§ EXERCISE GOAL
Beginning with the line that holds "Bont Vaypor S", output every remaining line of the material below exactly, and include none of the pictures.

§ DATASET EXCERPT
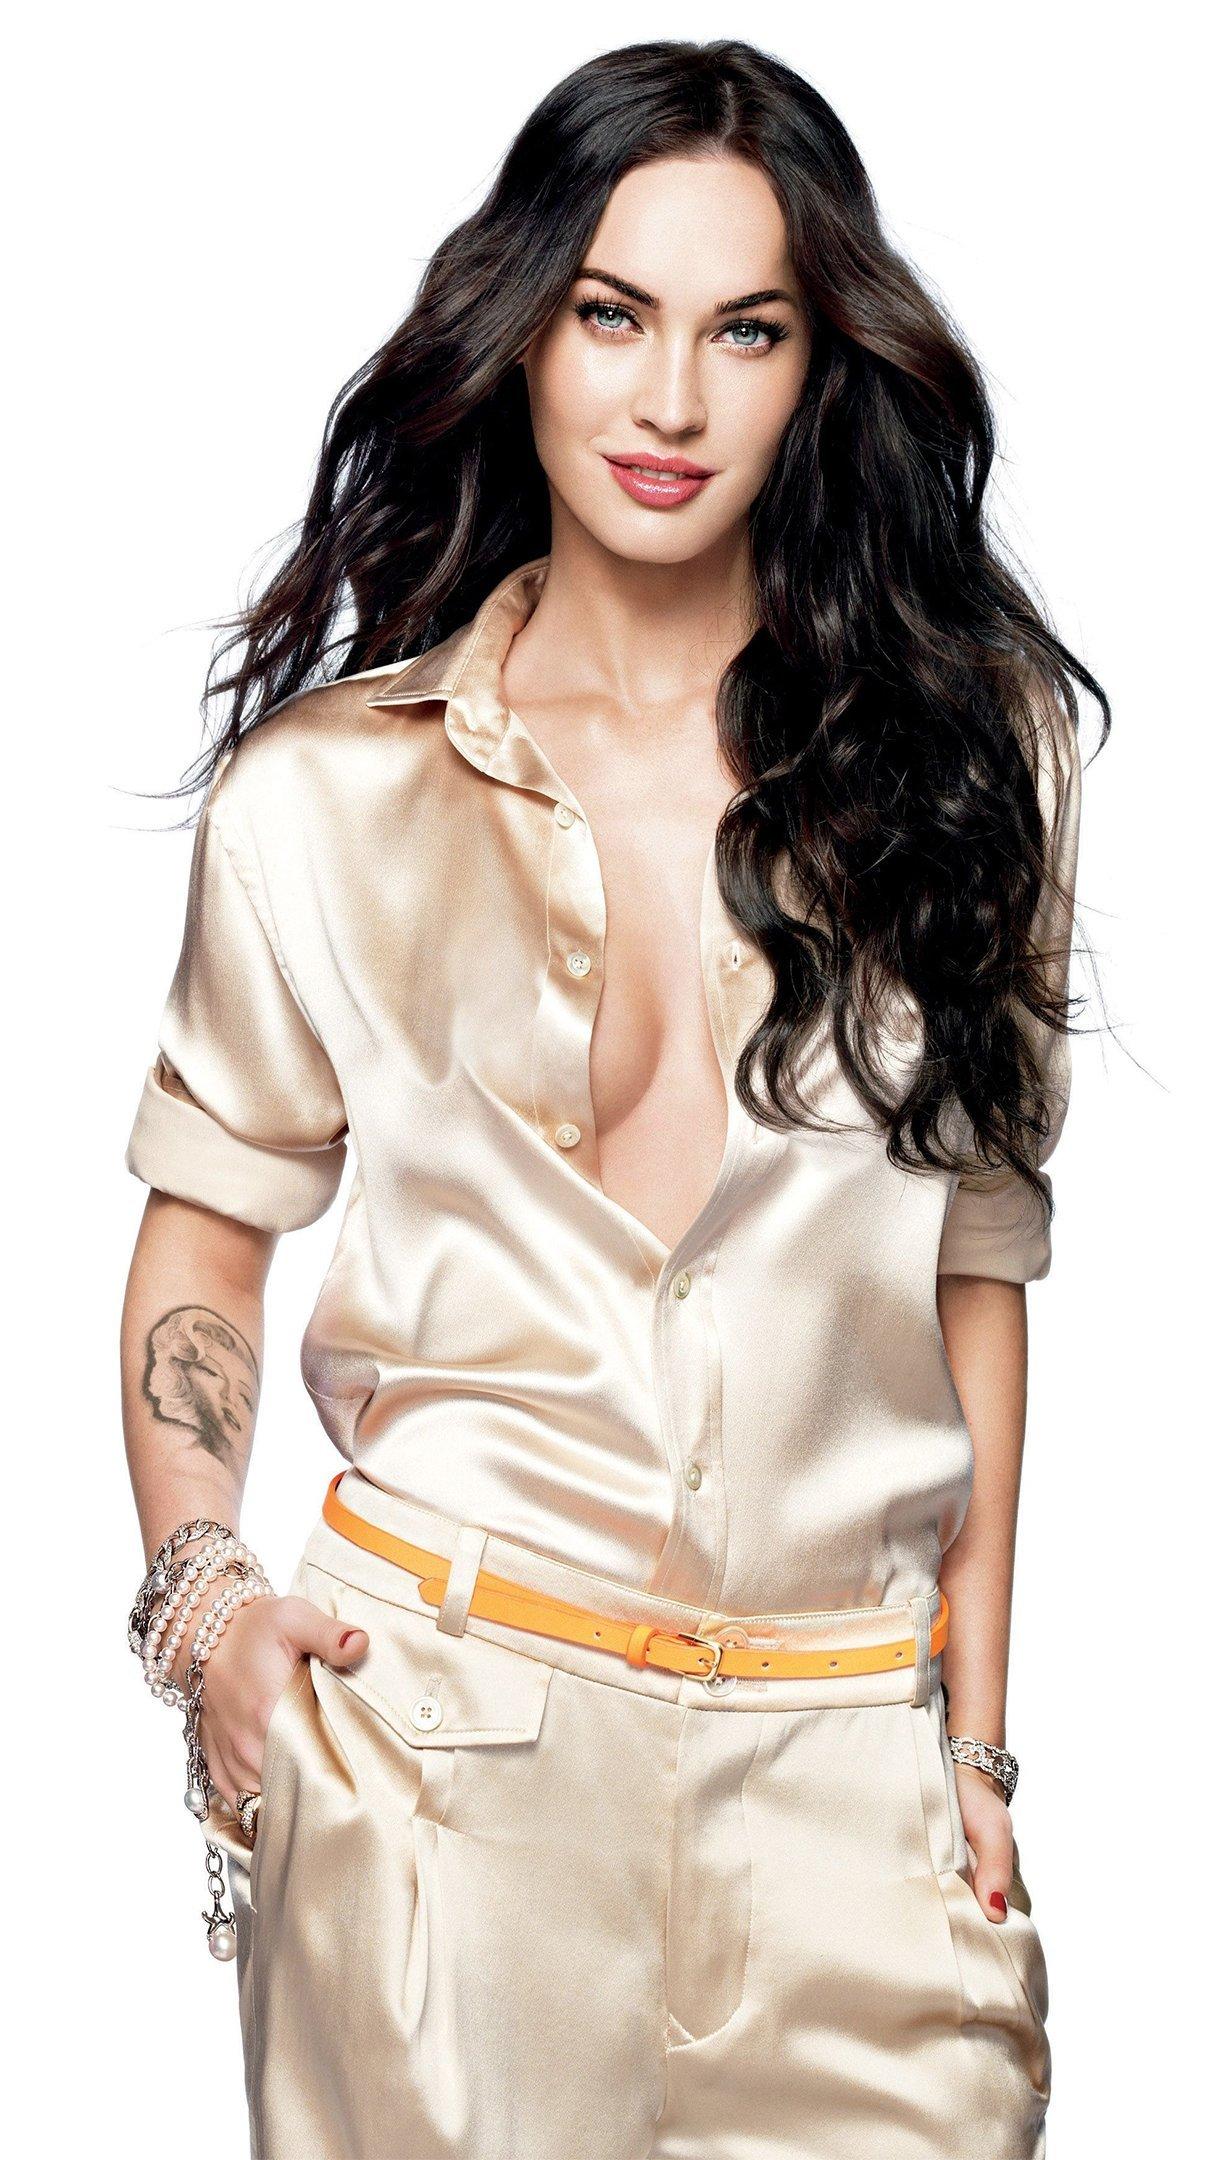 Fondos de pantalla Megan Fox photoshoot Vertical
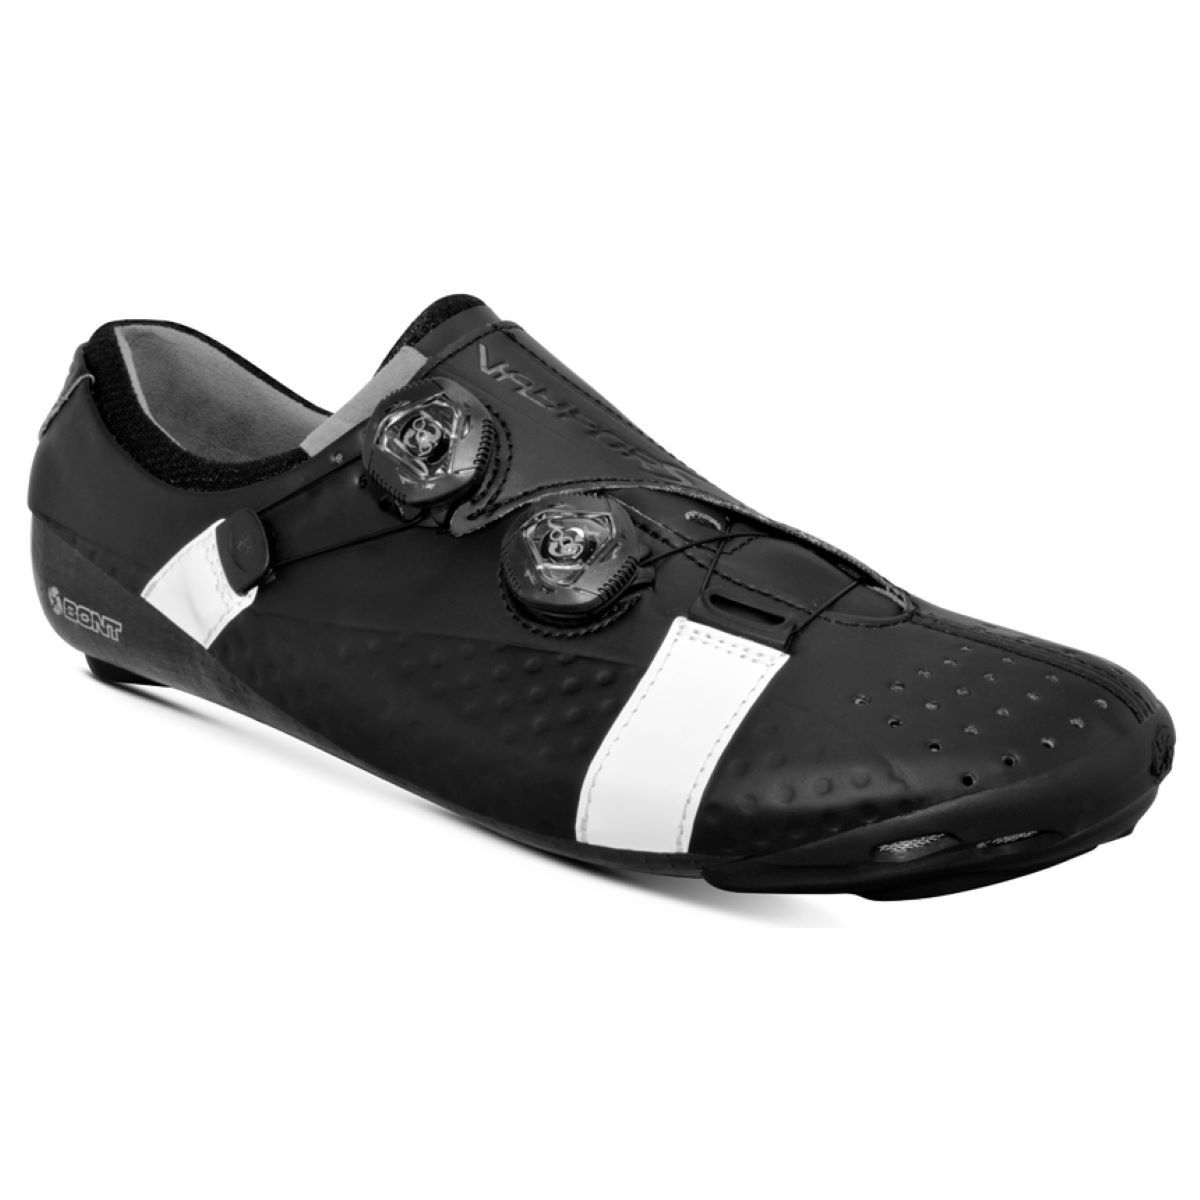 Bont Vaypor S Road Shoe Road Shoes Road Cycling Shoes Shoes Cycling Shoes
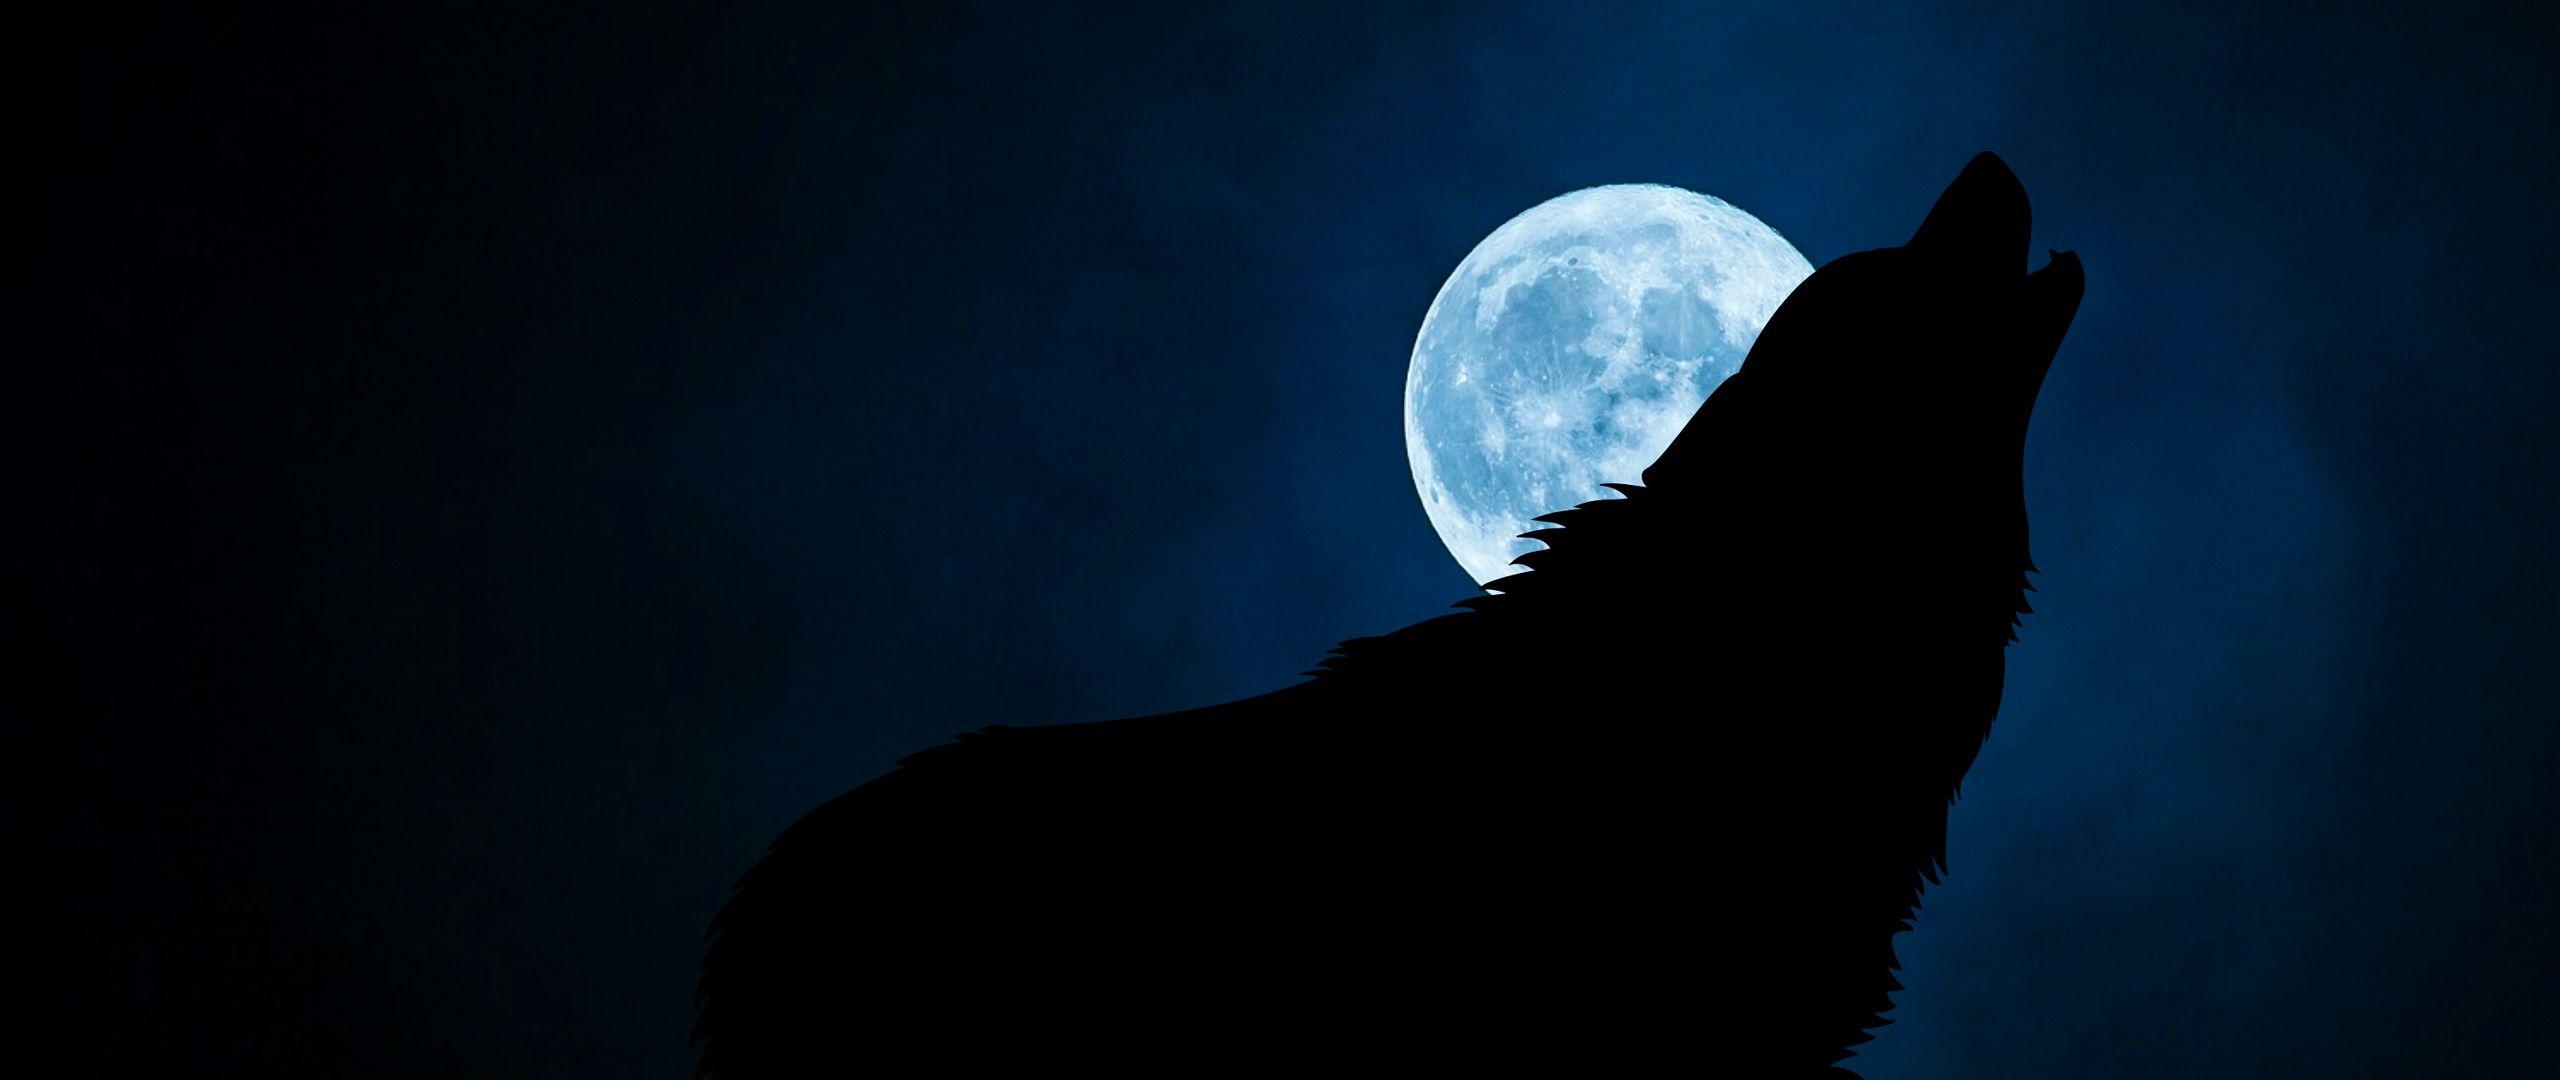 2560x1080 Wallpaper wolf, silhouette, moon, night

§ EXERCISE OUTPUT
 Bont Vaypor S Road Shoe Road Shoes Road Cycling Shoes Shoes Cycling Shoes
 2560x1080 Wallpaper wolf, silhouette, moon, night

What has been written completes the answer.